3. Take Breaks While At Work
Yes, healthcare providers have a tendency of sometimes working straight through their shifts without taking any breaks. Breaks are crucial and, in many states, legally mandated for all healthcare providers. Make yourself a priority during your busy day and take a power nap or go for a walk. Make a point to get off all electronics for at least 10-15 minutes and regroup with yourself and get grounded. You’ll feel more energized and empowered to finish your day.
4. Phone A Friend
Technology has made communicating easy yet complex. Many of us quickly resort to texting when we want to communicate. But hearing someone’s voice and connecting with someone on the phone or through facetime, who will let you just vent while they simply listen can do volumes for your mental health.
When working in high stress environments, designating a friend who understands that sometimes you just need to vent and let the emotions out is key. Perhaps have a couple of designated friends that understand that you need to do this. If they are unavailable, sometimes just going to your local coffee shop, or supermarket and engaging in idle chit chat with another human being will also help. Many apps are available for mental health support as well as in person mental healthcare providers who can help you navigate through difficult situations.

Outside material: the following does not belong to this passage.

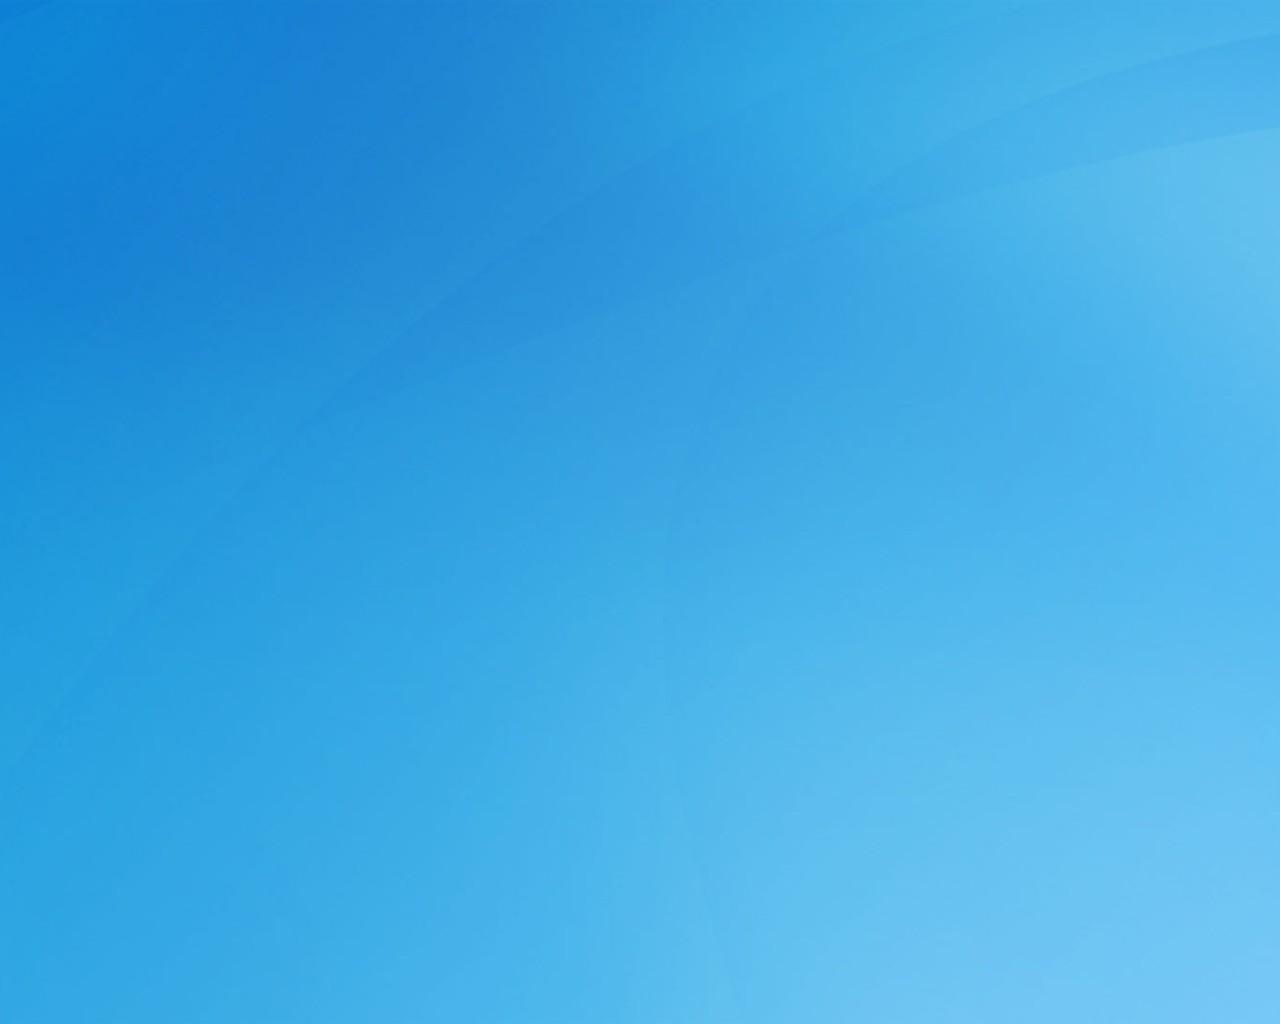 9000 Wallpaper Hd Warna Biru HD Terbaik

5. Becoming Conscious Of Your World And Environment
It’s always best to be as conscious and aware of your present state as possible. When things get rough and or chaotic it’s a good practice to take stock of how much you have achieved in your life. Take a pause, be conscious of your surroundings, the present moment, and take a deep breath. Finding a creative outlet like painting, coloring, writing, playing music and or dancing can also help uplift your mood and disconnect from your work life.
We as humans have the ability to shift our moods and create our environments. Like Viktor Frankel wrote in ‘Mans Search For Meaning’ “Everything can be taken from a man but one thing: the last of the human freedoms—to choose one’s attitude in any given set of circumstances, to choose one’s own way.” You are the master of your universe and in charge of your own health and wellbeing. It’s up to you to focus on what keeps you healthy and able to function at your highest capacity. After all, your health is in your wealth!
If you are someone you love is thinking about committing suicide, please call the National Suicide Prevention Hotline for help 1-800-273-8255.